Activity |
Output the listing below verbatim, but drop the images.

Collected data |
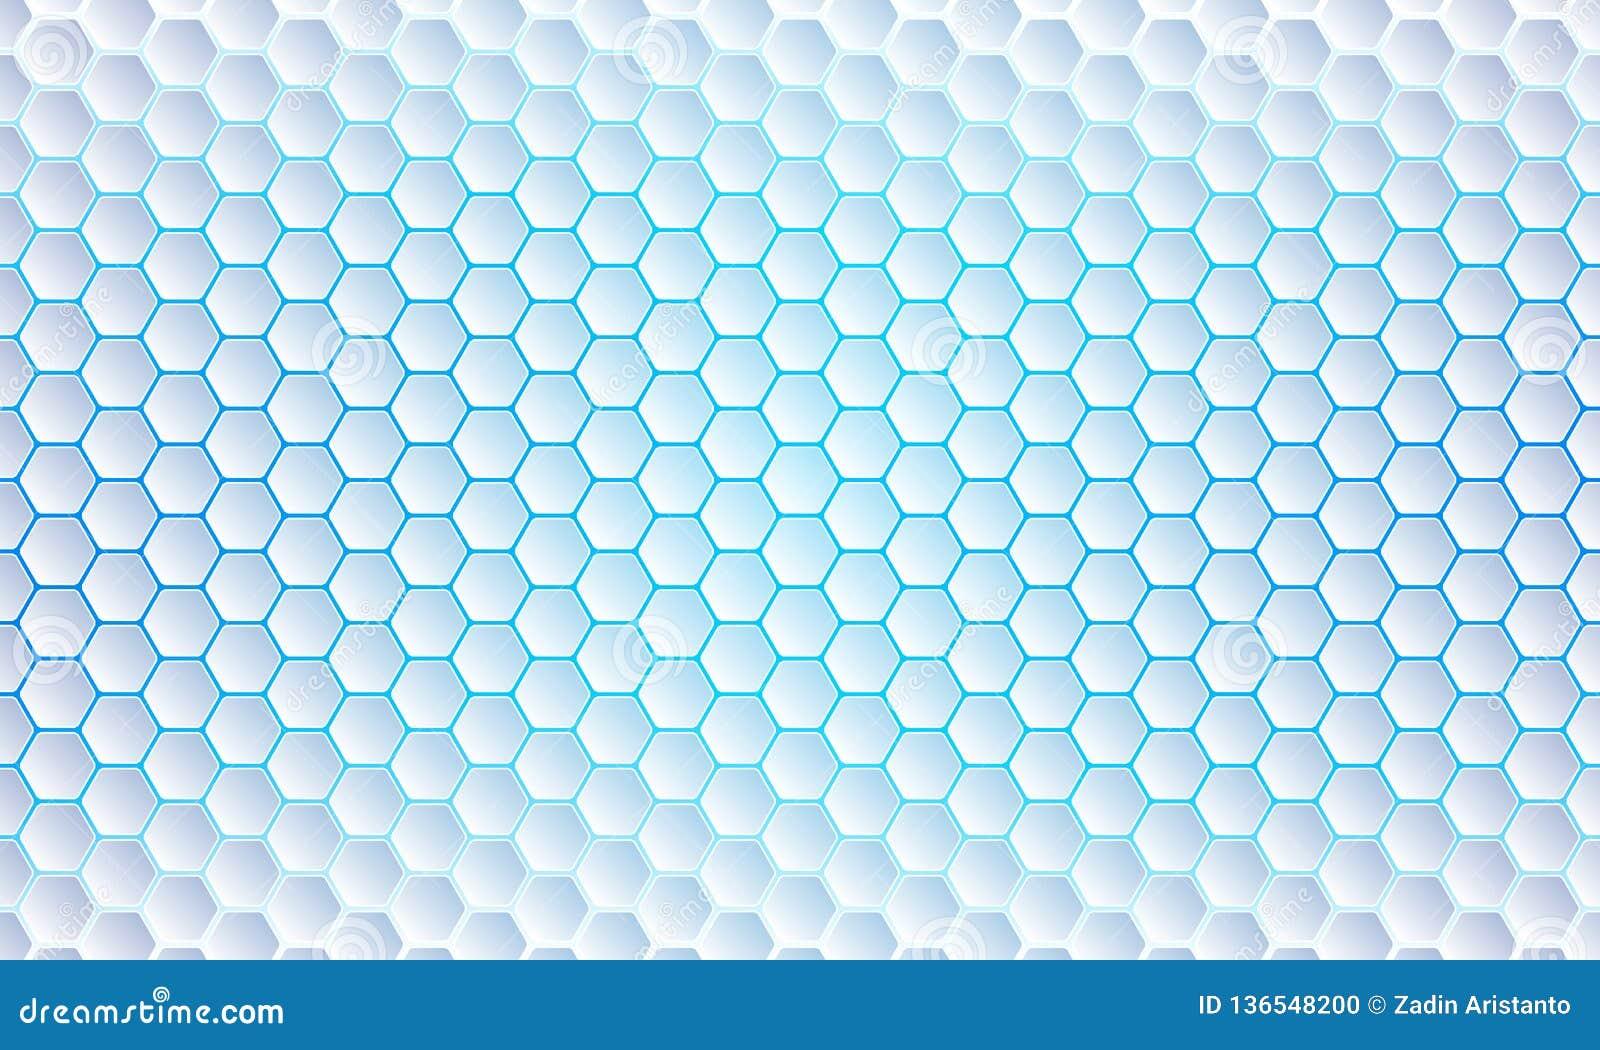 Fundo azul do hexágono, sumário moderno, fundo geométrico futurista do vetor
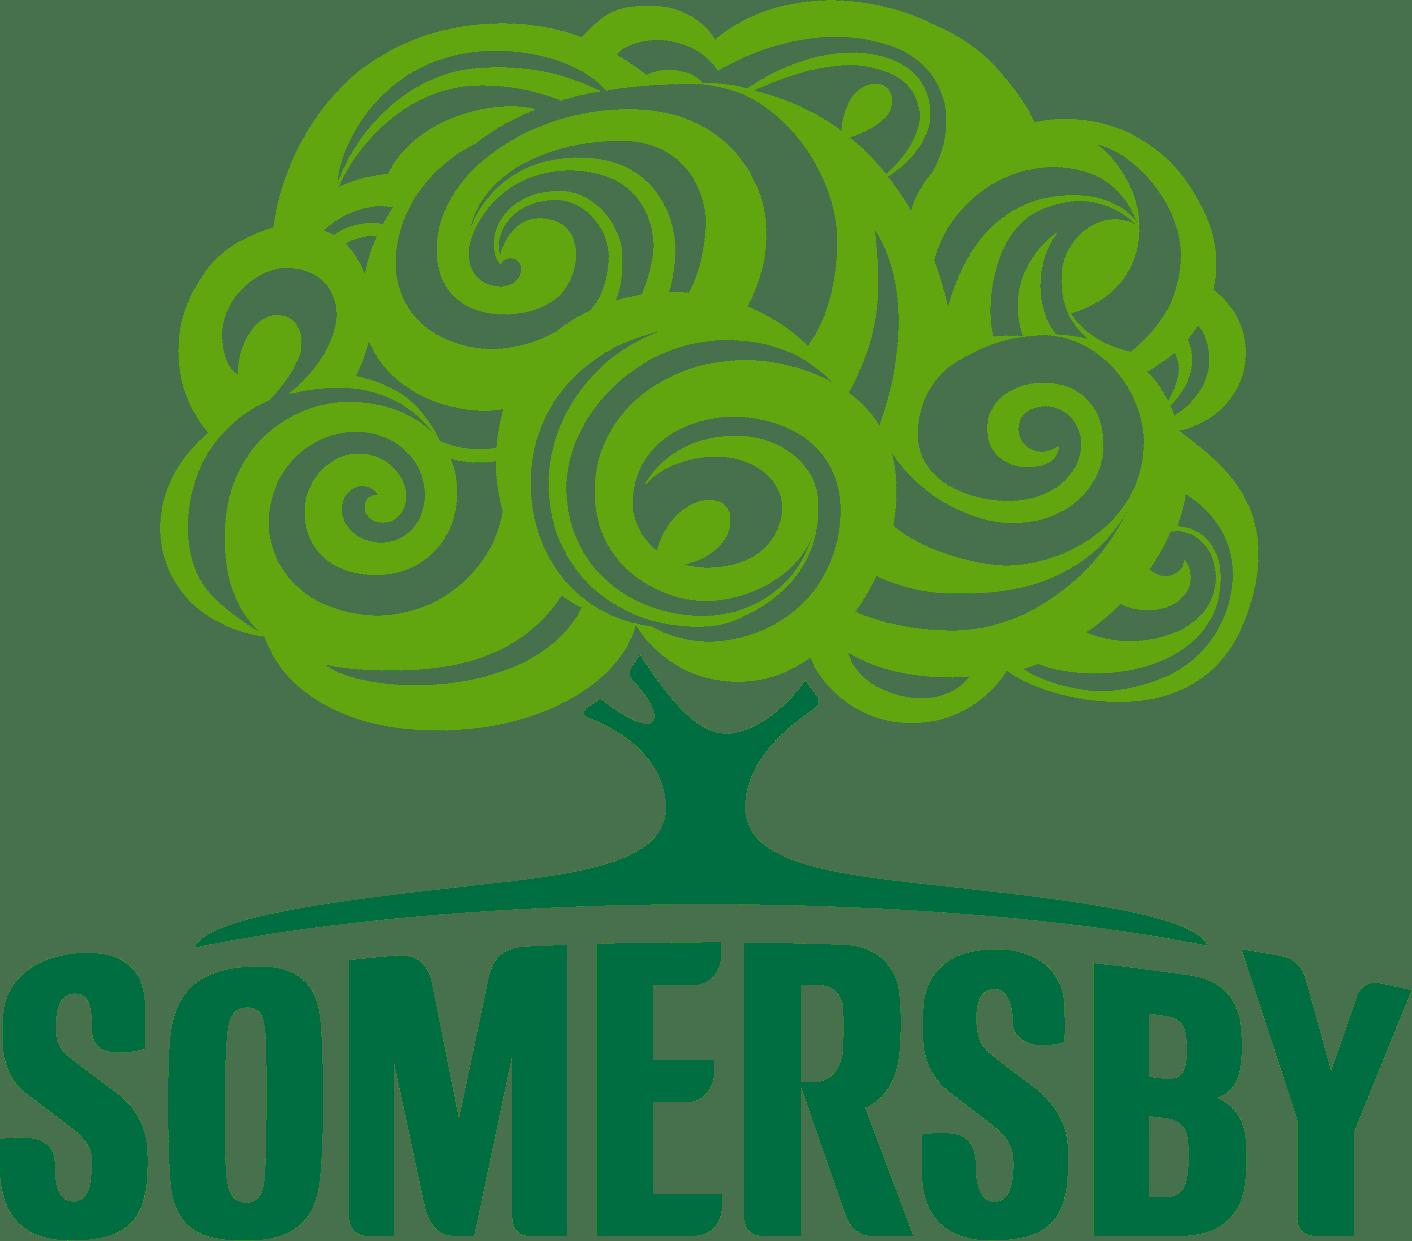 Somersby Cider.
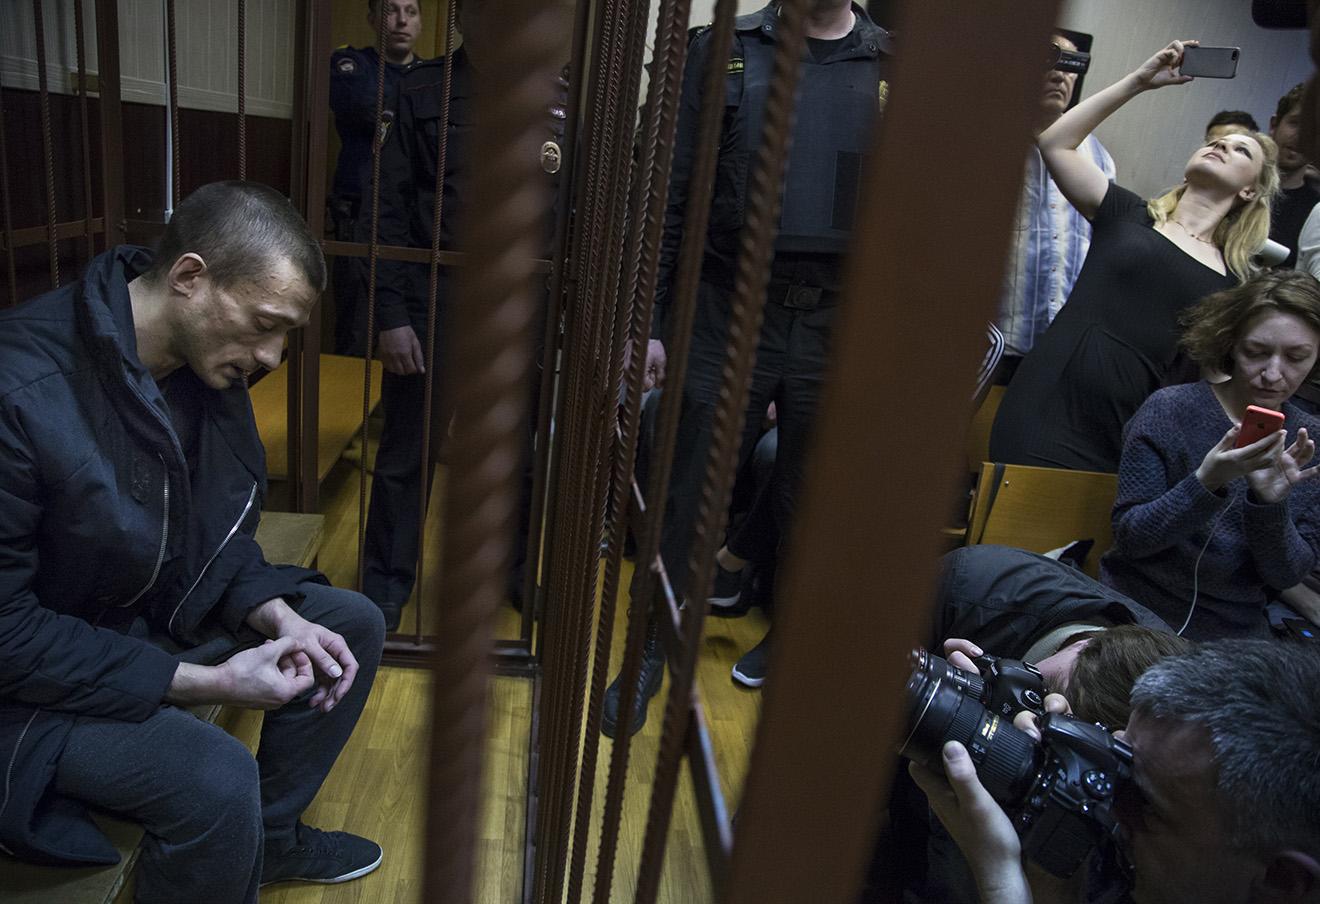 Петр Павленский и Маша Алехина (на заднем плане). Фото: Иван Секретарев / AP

Reply |
 Fundo azul do hexágono, sumário moderno, fundo geométrico futurista do vetor
 Somersby Cider.
 Петр Павленский и Маша Алехина (на заднем плане). Фото: Иван Секретарев / AP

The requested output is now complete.